Non li hanno visti arrivare
Diciamo le cose come stanno. Qui sì che si può dire “non li hanno (abbiamo) visti arrivare”. E la ragione è abbastanza semplice: perché si guardava dalla parte sbagliata. Non si voleva prestare attenzione a ciò che si muoveva nel tessuto sociale della Francia, non solo di quella parigina o marsigliese, cioè delle grandi città cosmopolite, ma della Francia profonda, quella delle campagne o delle rotonde extraurbane, assurte, queste ultime, a importanza strategica per le forme di lotta dei Gilets jaunes. Non piovono dal cielo, né da un capriccioso mutamento di posizione dell’elettorato i 3,2 milioni di voti ottenuti dalla gauche il 30 giugno rispetto alle legislative del 2022 e l’incremento di oltre un milione di suffragi in confronto a quelli raccolti nelle recentissime europee.
Macron e i suoi seguaci pensavano che la mossa di convocare le elezioni anticipate dopo il crollo alle europee avrebbe garantito al Presidente, nell’ipotesi peggiore, una convivenza con un governo dominato dalla destra di Rassemblement national che avrebbe finito per sfiancare quest’ultimo, rivelandone l’incapacità di governo e quindi riaperto la strada a Macron per le presidenziali del 2027. Il quadro che ora ha davanti è totalmente diverso. Anche lui non li ha visti arrivare, concentrato sulla competizione con la destra. Eppure proprio Macron avrebbe potuto tirare le giuste conclusioni da anni di rivolta sociale contro le misure del suo governo. Non lo ha fatto perché la sua concezione del mondo e della politica lo rende incapace di cogliere la realtà nel suo manifestarsi o lo lascia indifferente a essa. E questa è una ennesima prova del fallimento delle teorie neoliberiste, compresa la loro variante ordoliberista, che porta alla rovina anche chi dall’alto le imbraccia e le impone. Potrei dire una prova definitiva, se un qualche timore non mi trattenesse nell’utilizzare un termine troppo spesso usato a sproposito e quindi contraddetto dai fatti.

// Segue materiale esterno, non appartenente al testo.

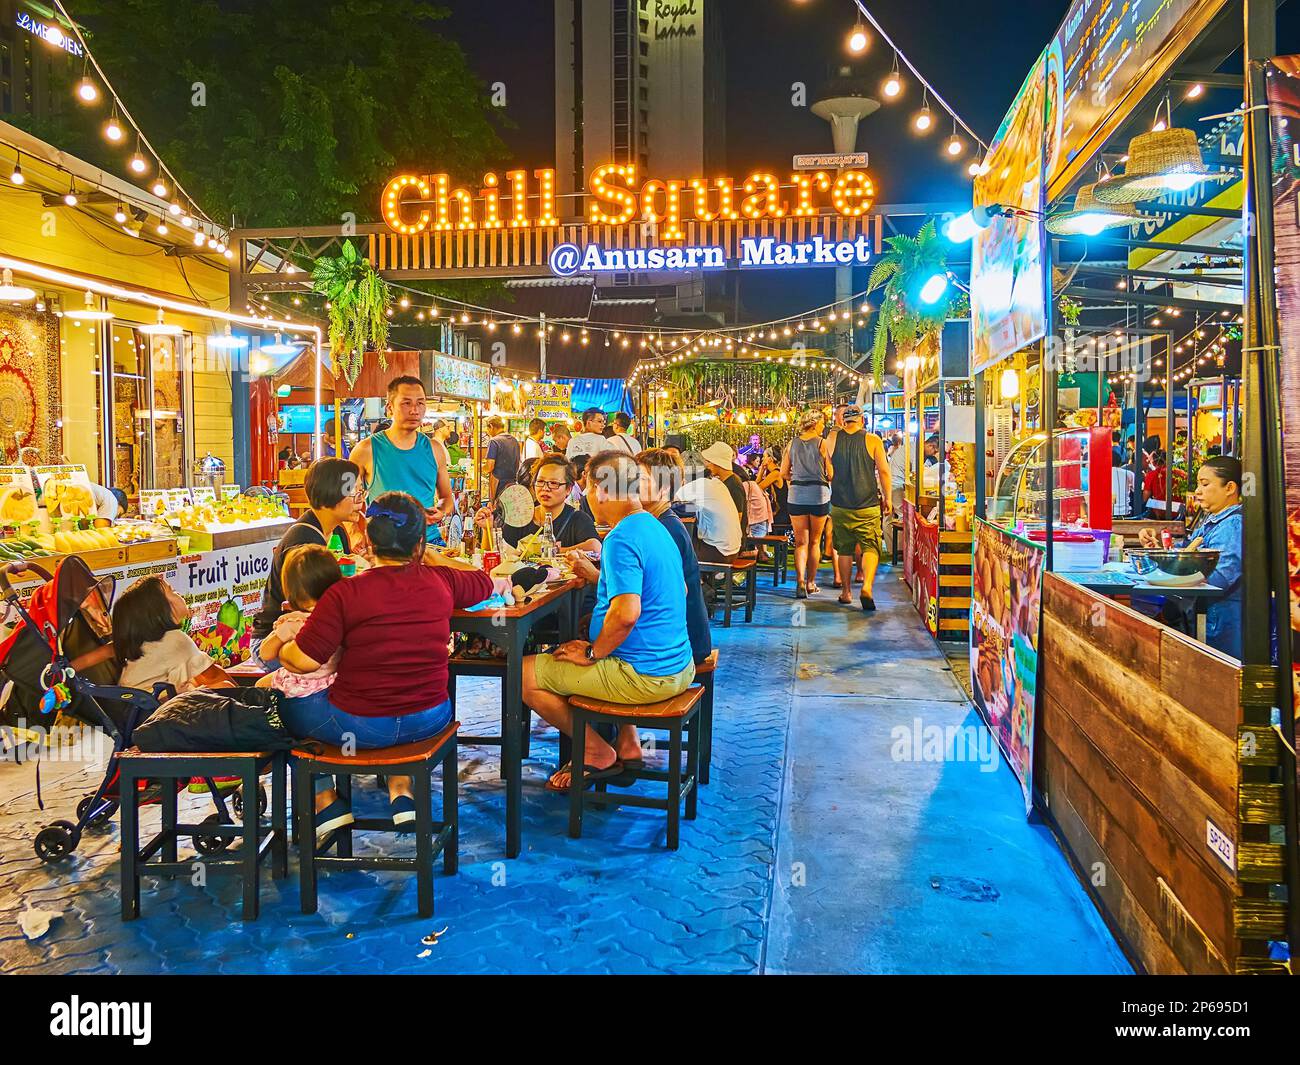 CHIANG MAI, THAILAND - MAY 3, 2019: The crowded food court in Chill Square of Anusarn Night Market with food stalls and tables of outdoor cafes, on Ma Stock Photo

La riflessione di Etienne Balibar
Ha visto nel giusto - e in anticipo sulla doppia tornata elettorale - Etienne Balibar che pubblica il 25 giugno un importante saggio su AOC, un quotidiano francese online,3 sul quale conviene riflettere, anche per le implicazioni più generali che esso contiene e che dovrebbero essere messe a tema dalla sinistra di alternativa in ogni angolo del globo. Rassemblement national è ormai in grado di mobilitare sostenitori in quasi tutte le classi della società francese, riuscendo dove il macronismo ha completamente fallito. Sembra avere trovato una soluzione “che può essere definita populista”, quindi “è davvero sulla buona strada per trovare il suo popolo”.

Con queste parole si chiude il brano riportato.